Ce possible qui ne peut mourir
(à la mémoire de B.H)
avez-vous vu mourir des gens
mourir sous vos yeux
comme s’ils étaient retransmis en direct
par l’inepte telefunken de l’être
frappés par la foudre du cœur qui explose
rongés par les mites d’une maladie plus maligne que la jalousie ?
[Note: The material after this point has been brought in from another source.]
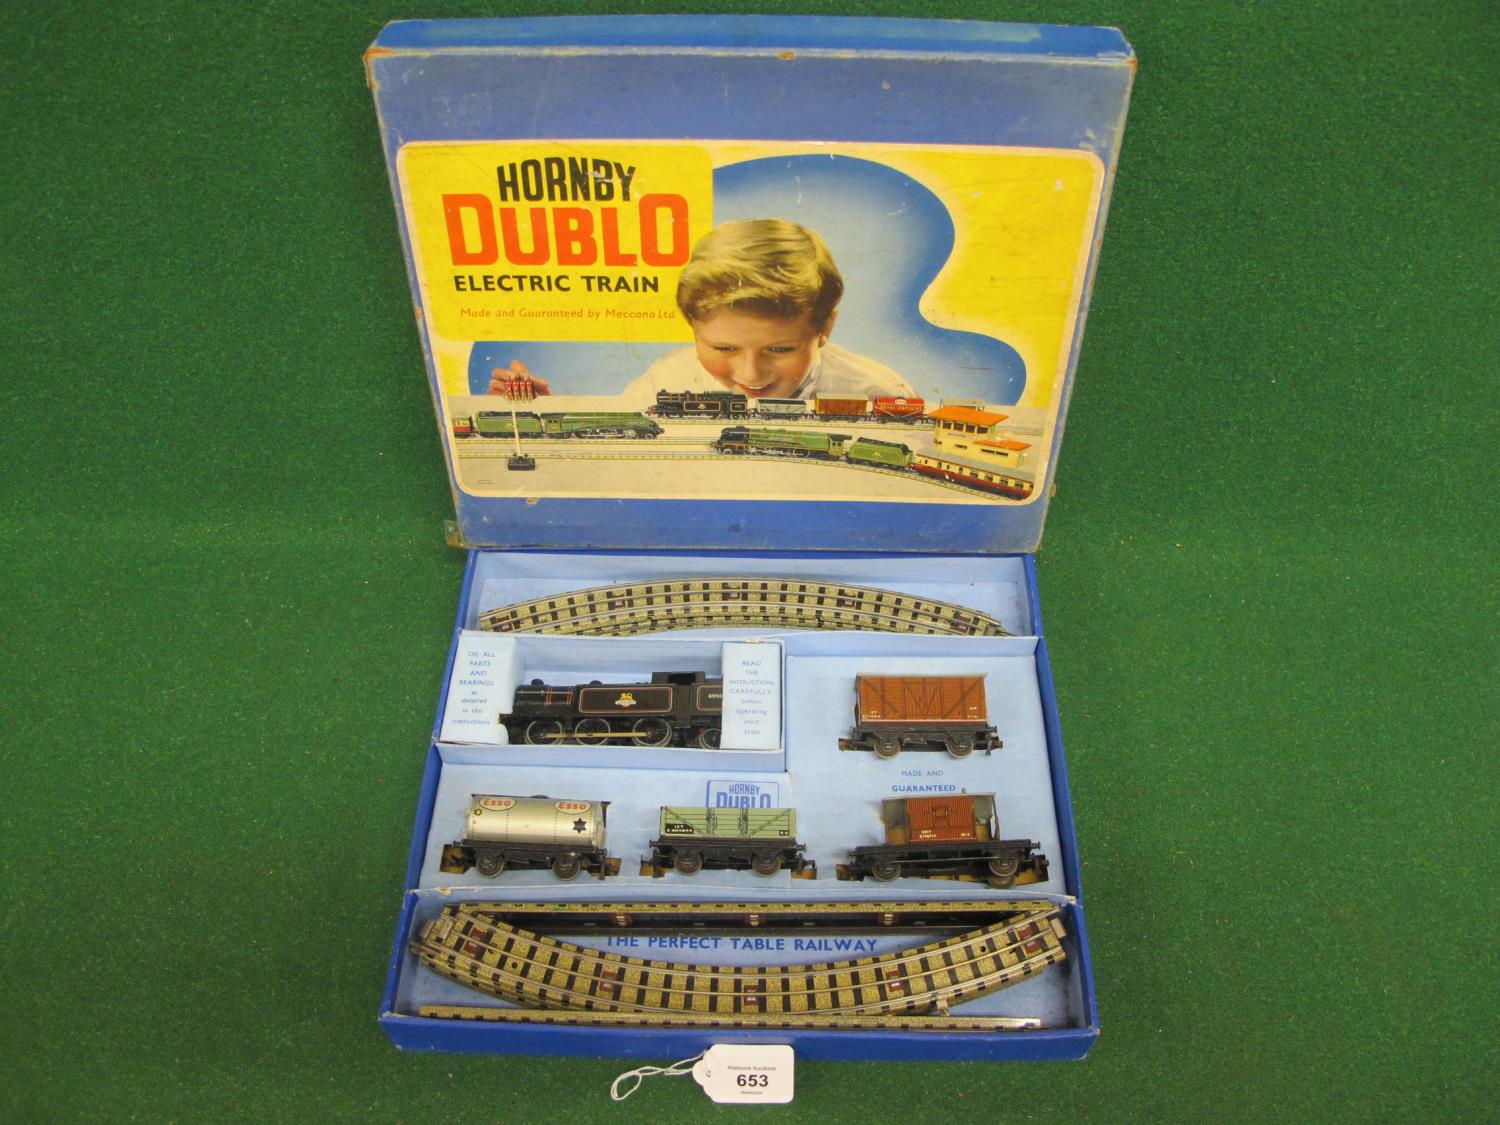 1950's Hornby Dublo 3 Rail EDG17 BR Goods Train set containing: N2 0-6-2T No. 69567 in early BR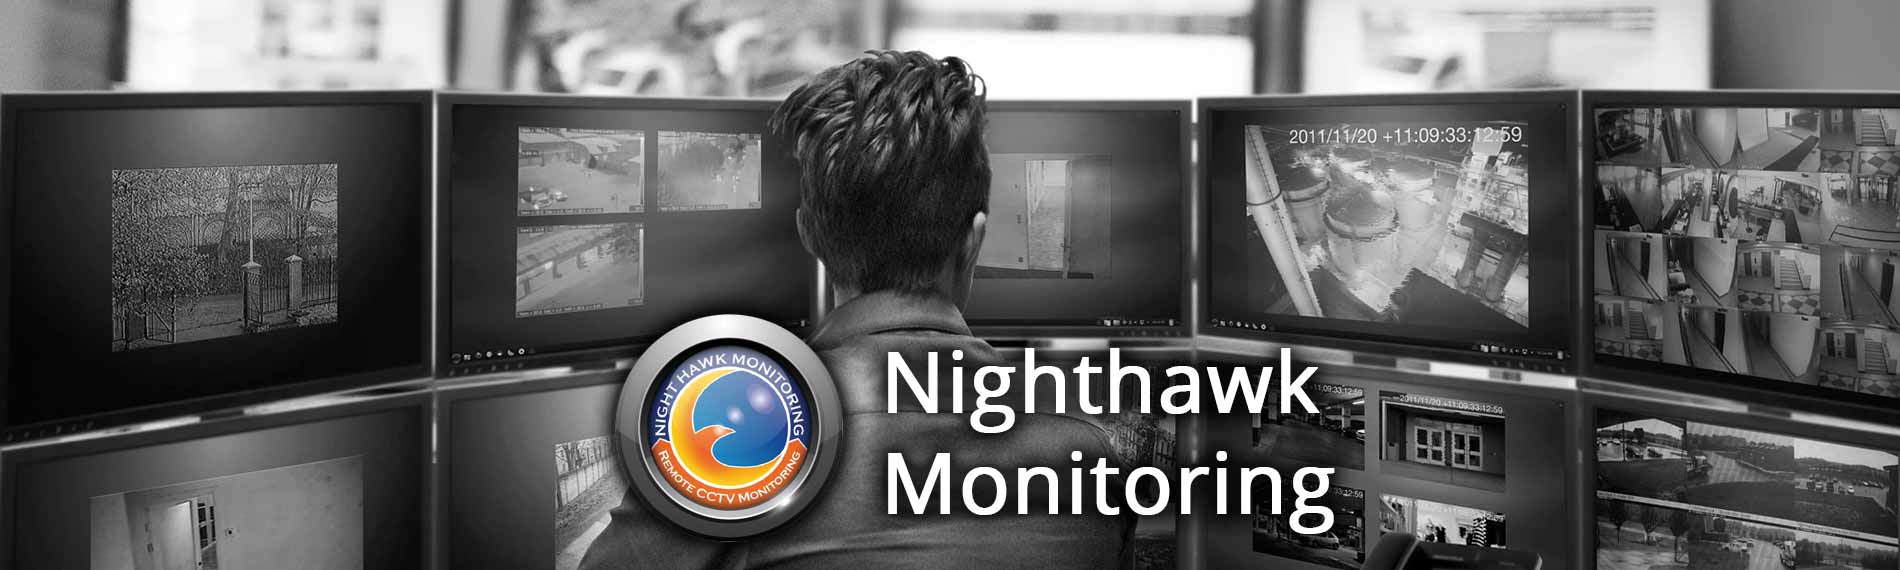 RALEIGH REMOTE VIDEO SURVEILLANCE SECURITY CAMERAS MONITORING SYSTEM SERVICES COMPANY RALEIGH NORTH CAROLINA

usés en paillassons de chair par les ans
ou pire::: avalés bouffés par la vague la bouche de la vague
soudain:::
les ans (devenus dominos) qui
dans leur chute
entraînent les pauvres numéros
que nous sommes
et dont l’addition fait ::: pitié
fixez leur pupille où se densifient
mille soupes mille gloires
que font-ils, ces morts imminents,
ces cadavres encore préoccupés d’eux-mêmes ?
ils cherchent à fuir
ils plissent
ils contractent
ils fulminent
ils tassent
concassent
pulvérisent
leur sang cesse de danser
et au bout de leurs bras
leurs mains n’ont plus de doigts
ils tremblent encore un peu des cuisses
tels des chevaux pris par le froid
(mais si peu)
leurs lèvres articulent un dernier mot
que vous essuyez du revers d’un mouchoir
la fin est là
(on a fait la pénombre comme pour ne pas voir
leur dernière crispation)
(ah) si vous saviez voir
voir vraiment
(et peut-être le savez-vous)
alors vous les verriez suinter
de tout leur être
devenir suintement d’eux-mêmes
non pas sortir d’eux-mêmes
mais expulser imperceptiblement cet autre
ce possible
qui ne peut pas mourir
parce qu’il est composé d’une myriade de peurs
de renoncements
d’espoirs
de folies
de projets
de falbalas
l’œil nu (hélas) échoue
à percevoir l’invisible transhumance
de ce qu’ils auraient pu ::: être
si la vie n’avait décidé d’en ::: finir
avec la farce en laquelle on l’a changée
pourtant
pareilles à des fourmis furieuses
les particules de leur personne
s’épandent au dehors en grises colonies,
elles s’assemblent et se ré-assemblent
et chacune de leurs particules porte sur son dos
en fière ouvrière
le fardeau des regrets et des remords
qu’il ne tient qu’à vous d’absorber et de transformer
d’incorporer et de subsumer
tous nous allons ::: mourir
tous nous allons siéger dans le saint des saints
au fond de l'inepte poubelle terrestre
dans cet humus où même les bulbes ont droit à une seconde chance
à enrichir d’autres que nous
d’autres moins bruyants mais tout aussi affamés
— et nettement plus fiévreux/patients.